«In cella senza un motivo, consolata da una nigeriana»

29 Aprile 2015

TERAMO. «Io sono tornata in Italia con tutte le autorizzazioni necessarie e non ho mai fatto nessun falso. Sono scappata da un compagno e da un padre violento che però non ci lascia in pace». Fa...

TERAMO. «Io sono tornata in Italia con tutte le autorizzazioni necessarie e non ho mai fatto nessun falso. Sono scappata da un compagno e da un padre violento che però non ci lascia in pace». Fa fatica a trattenere la rabbia, ad arginare l’emozione, a fermare le lacrime.
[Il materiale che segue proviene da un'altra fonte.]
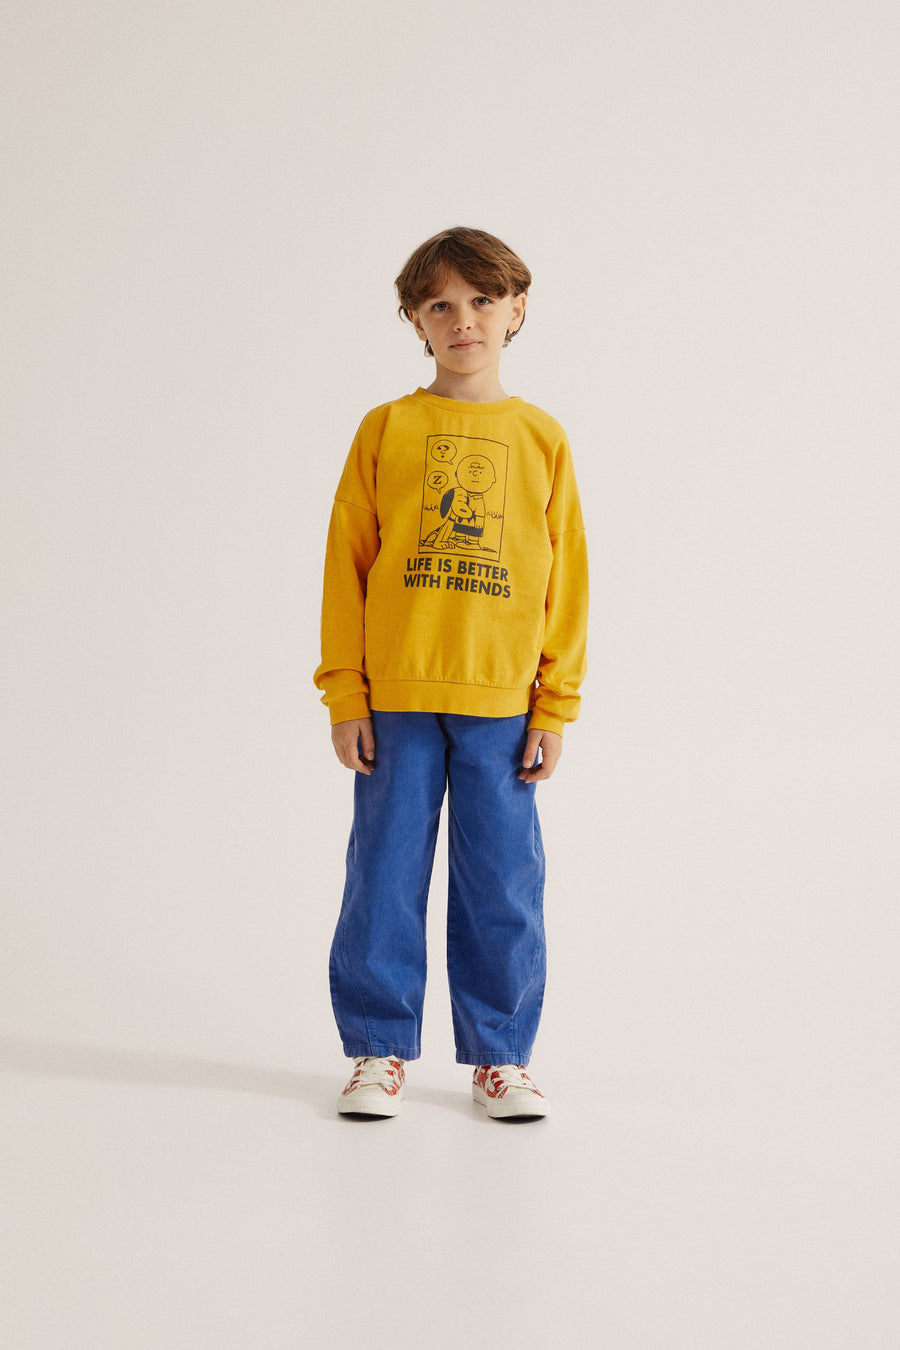 The Campamento - Blue washed kids trousers - Blue

Anna (la chiameremo con un nome di fantasia) è una donna determinata, ma soprattutto è una mamma coraggiosa. «Ho trascorso una giornata in mezzo in carcere senza sapere il motivo», racconta al telefono, «mai e poi mai avrei potuto immaginare una cosa di questo genere anche perchè io e mia figlia siamo rientrate in Italia da più di un anno e in questo arco di tempo lui si sarà fatto sentire un paio di volte. E’ una vicenda assurda, ma nel Venezuela degli ultimi anni tutto è assurdo e non c’è più legge che tenga. Io mi sono trovata a dover fare una scelta e l’ho fatta nel rispetto di tutte le regole. Ho informato della mia vicenda il consolato italiano a Caracas che mi è stato sempre vicino e quando sono tornata in Italia ho subito presentato un’altra denuncia di maltrattamento nei confronti del mio ex convivente».
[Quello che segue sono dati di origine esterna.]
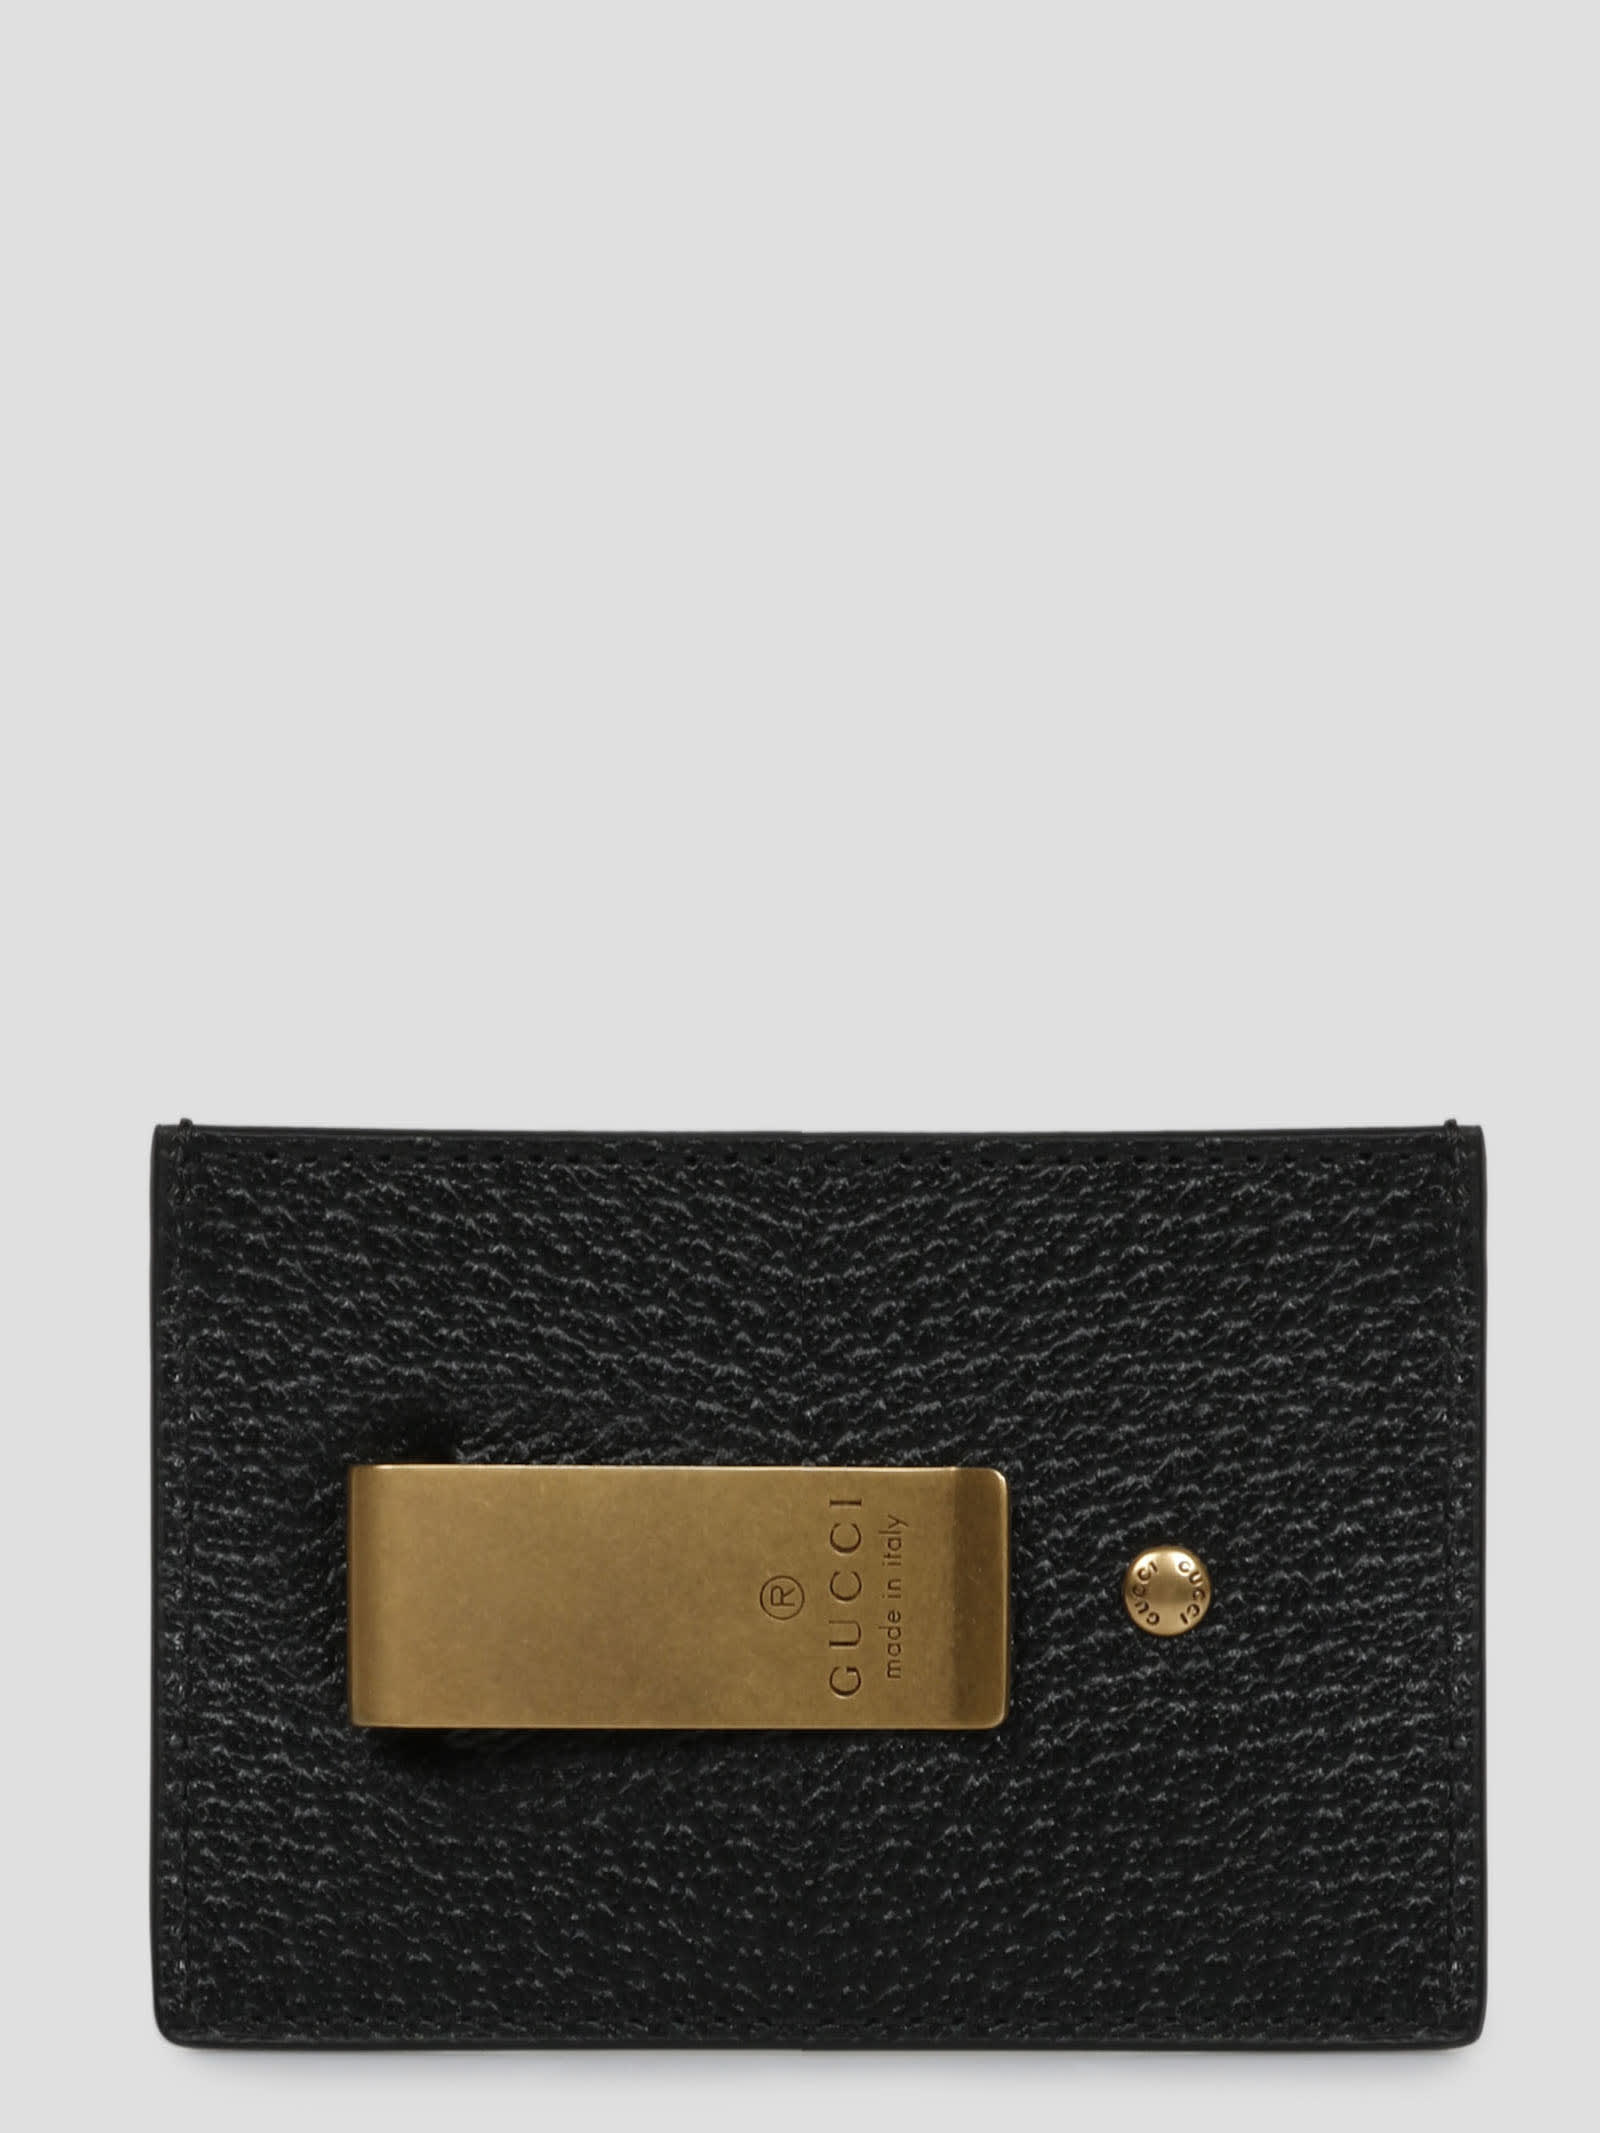 Gucci Gg Marmont Leather Money Clip In Black

E anche in Venezuela le denunce sono state tante. La donna, infatti, accusa l’uomo di aver maltrattato sia lei sia la figlia. «Ma nonostante questo», racconta, «e nonostante le prove presentate, vari tribunali hanno dato al mio ex convivente il diritto di visita alla bambina. Non eravamo più tranquille in quel Paese e per questo ho scelto di tornare in Italia». Dove ha trovato un lavoro, la figlia è tornata a scuola «si è integrata e ora sta bene» e insieme hanno ripreso a vivere. Fino a qualche giorno fa. «Sono finita in carcere», racconta, «e in cella sono stata consolata da una detenuta nigeriana che per me ha avuto parole di grande incoraggiamento».(d.p.)